___ Supplied data

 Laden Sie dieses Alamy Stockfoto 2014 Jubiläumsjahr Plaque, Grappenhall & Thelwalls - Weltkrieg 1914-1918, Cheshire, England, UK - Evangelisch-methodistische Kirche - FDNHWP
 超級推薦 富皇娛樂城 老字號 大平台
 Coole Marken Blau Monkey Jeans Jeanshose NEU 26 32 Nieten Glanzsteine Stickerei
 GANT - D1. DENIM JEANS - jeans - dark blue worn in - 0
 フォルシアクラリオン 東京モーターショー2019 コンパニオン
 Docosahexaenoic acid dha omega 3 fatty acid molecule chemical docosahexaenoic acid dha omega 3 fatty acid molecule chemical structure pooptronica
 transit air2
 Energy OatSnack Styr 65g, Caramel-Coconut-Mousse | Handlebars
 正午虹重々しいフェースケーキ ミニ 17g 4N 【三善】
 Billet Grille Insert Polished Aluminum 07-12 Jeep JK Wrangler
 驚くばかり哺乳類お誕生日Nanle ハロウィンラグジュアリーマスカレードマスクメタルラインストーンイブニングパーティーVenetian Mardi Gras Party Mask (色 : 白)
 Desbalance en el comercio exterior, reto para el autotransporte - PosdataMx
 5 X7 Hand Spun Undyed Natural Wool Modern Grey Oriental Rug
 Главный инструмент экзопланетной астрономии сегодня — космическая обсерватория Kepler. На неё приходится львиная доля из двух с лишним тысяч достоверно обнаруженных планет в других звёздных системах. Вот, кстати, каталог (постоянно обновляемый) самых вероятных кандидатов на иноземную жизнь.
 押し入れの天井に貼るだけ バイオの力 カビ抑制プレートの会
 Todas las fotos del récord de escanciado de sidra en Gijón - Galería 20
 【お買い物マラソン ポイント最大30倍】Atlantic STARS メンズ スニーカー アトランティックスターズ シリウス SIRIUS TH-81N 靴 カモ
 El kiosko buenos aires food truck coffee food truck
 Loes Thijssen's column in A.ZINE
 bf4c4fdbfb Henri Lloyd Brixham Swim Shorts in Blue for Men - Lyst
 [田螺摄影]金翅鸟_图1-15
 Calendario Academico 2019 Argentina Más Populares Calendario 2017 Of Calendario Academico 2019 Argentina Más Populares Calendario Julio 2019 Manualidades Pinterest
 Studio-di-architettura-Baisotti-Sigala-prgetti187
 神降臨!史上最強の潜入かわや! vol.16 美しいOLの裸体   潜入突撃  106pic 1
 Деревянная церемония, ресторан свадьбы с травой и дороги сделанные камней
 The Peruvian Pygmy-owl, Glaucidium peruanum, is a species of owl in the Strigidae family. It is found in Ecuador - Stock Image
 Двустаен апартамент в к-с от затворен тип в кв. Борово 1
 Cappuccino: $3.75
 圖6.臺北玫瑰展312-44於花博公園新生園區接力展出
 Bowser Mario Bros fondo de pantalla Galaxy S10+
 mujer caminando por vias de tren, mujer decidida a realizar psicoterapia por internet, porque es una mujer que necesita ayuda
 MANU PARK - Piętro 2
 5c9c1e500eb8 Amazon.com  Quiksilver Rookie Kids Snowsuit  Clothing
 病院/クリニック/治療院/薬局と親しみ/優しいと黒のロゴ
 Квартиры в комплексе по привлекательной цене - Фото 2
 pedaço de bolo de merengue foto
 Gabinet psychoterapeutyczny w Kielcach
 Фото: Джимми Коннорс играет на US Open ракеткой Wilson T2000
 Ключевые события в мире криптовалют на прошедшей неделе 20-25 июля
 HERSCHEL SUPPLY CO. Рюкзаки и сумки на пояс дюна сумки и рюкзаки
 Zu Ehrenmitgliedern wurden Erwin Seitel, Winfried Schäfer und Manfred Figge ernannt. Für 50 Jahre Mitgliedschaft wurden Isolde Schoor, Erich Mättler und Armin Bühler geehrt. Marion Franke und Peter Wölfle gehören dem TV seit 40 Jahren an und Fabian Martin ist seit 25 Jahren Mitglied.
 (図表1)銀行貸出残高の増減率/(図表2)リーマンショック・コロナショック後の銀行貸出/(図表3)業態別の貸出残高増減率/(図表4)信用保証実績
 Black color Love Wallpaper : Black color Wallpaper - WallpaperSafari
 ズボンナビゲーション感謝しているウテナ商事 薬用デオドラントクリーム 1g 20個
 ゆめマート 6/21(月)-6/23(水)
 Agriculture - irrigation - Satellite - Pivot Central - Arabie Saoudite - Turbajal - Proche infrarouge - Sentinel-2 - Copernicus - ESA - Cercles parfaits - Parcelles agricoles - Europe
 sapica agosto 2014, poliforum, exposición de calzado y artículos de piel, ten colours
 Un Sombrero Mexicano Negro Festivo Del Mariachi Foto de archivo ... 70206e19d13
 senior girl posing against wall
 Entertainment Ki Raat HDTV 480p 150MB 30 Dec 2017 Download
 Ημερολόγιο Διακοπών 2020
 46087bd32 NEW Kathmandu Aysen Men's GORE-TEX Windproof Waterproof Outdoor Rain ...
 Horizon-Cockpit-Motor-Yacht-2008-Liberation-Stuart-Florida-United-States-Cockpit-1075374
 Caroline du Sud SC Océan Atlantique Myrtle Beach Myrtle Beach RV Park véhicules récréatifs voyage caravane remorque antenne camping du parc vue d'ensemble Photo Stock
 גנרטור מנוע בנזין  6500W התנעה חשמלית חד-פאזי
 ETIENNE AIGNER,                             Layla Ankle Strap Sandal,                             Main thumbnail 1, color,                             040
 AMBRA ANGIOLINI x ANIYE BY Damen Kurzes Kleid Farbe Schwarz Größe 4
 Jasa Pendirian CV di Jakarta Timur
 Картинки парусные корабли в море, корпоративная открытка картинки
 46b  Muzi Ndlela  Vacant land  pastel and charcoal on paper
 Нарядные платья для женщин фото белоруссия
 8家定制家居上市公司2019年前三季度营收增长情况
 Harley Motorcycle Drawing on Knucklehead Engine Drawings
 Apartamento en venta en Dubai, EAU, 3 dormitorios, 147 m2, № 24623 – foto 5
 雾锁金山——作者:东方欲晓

______

** Work item **
Keeping every character as it is, restate the lines above that run from the line with "chemical structure pooptronica" through the line with "Квартиры в комплексе", both included, and nothing else.

** Response to this exercise **
 Docosahexaenoic acid dha omega 3 fatty acid molecule chemical docosahexaenoic acid dha omega 3 fatty acid molecule chemical structure pooptronica
 transit air2
 Energy OatSnack Styr 65g, Caramel-Coconut-Mousse | Handlebars
 正午虹重々しいフェースケーキ ミニ 17g 4N 【三善】
 Billet Grille Insert Polished Aluminum 07-12 Jeep JK Wrangler
 驚くばかり哺乳類お誕生日Nanle ハロウィンラグジュアリーマスカレードマスクメタルラインストーンイブニングパーティーVenetian Mardi Gras Party Mask (色 : 白)
 Desbalance en el comercio exterior, reto para el autotransporte - PosdataMx
 5 X7 Hand Spun Undyed Natural Wool Modern Grey Oriental Rug
 Главный инструмент экзопланетной астрономии сегодня — космическая обсерватория Kepler. На неё приходится львиная доля из двух с лишним тысяч достоверно обнаруженных планет в других звёздных системах. Вот, кстати, каталог (постоянно обновляемый) самых вероятных кандидатов на иноземную жизнь.
 押し入れの天井に貼るだけ バイオの力 カビ抑制プレートの会
 Todas las fotos del récord de escanciado de sidra en Gijón - Galería 20
 【お買い物マラソン ポイント最大30倍】Atlantic STARS メンズ スニーカー アトランティックスターズ シリウス SIRIUS TH-81N 靴 カモ
 El kiosko buenos aires food truck coffee food truck
 Loes Thijssen's column in A.ZINE
 bf4c4fdbfb Henri Lloyd Brixham Swim Shorts in Blue for Men - Lyst
 [田螺摄影]金翅鸟_图1-15
 Calendario Academico 2019 Argentina Más Populares Calendario 2017 Of Calendario Academico 2019 Argentina Más Populares Calendario Julio 2019 Manualidades Pinterest
 Studio-di-architettura-Baisotti-Sigala-prgetti187
 神降臨!史上最強の潜入かわや! vol.16 美しいOLの裸体   潜入突撃  106pic 1
 Деревянная церемония, ресторан свадьбы с травой и дороги сделанные камней
 The Peruvian Pygmy-owl, Glaucidium peruanum, is a species of owl in the Strigidae family. It is found in Ecuador - Stock Image
 Двустаен апартамент в к-с от затворен тип в кв. Борово 1
 Cappuccino: $3.75
 圖6.臺北玫瑰展312-44於花博公園新生園區接力展出
 Bowser Mario Bros fondo de pantalla Galaxy S10+
 mujer caminando por vias de tren, mujer decidida a realizar psicoterapia por internet, porque es una mujer que necesita ayuda
 MANU PARK - Piętro 2
 5c9c1e500eb8 Amazon.com  Quiksilver Rookie Kids Snowsuit  Clothing
 病院/クリニック/治療院/薬局と親しみ/優しいと黒のロゴ
 Квартиры в комплексе по привлекательной цене - Фото 2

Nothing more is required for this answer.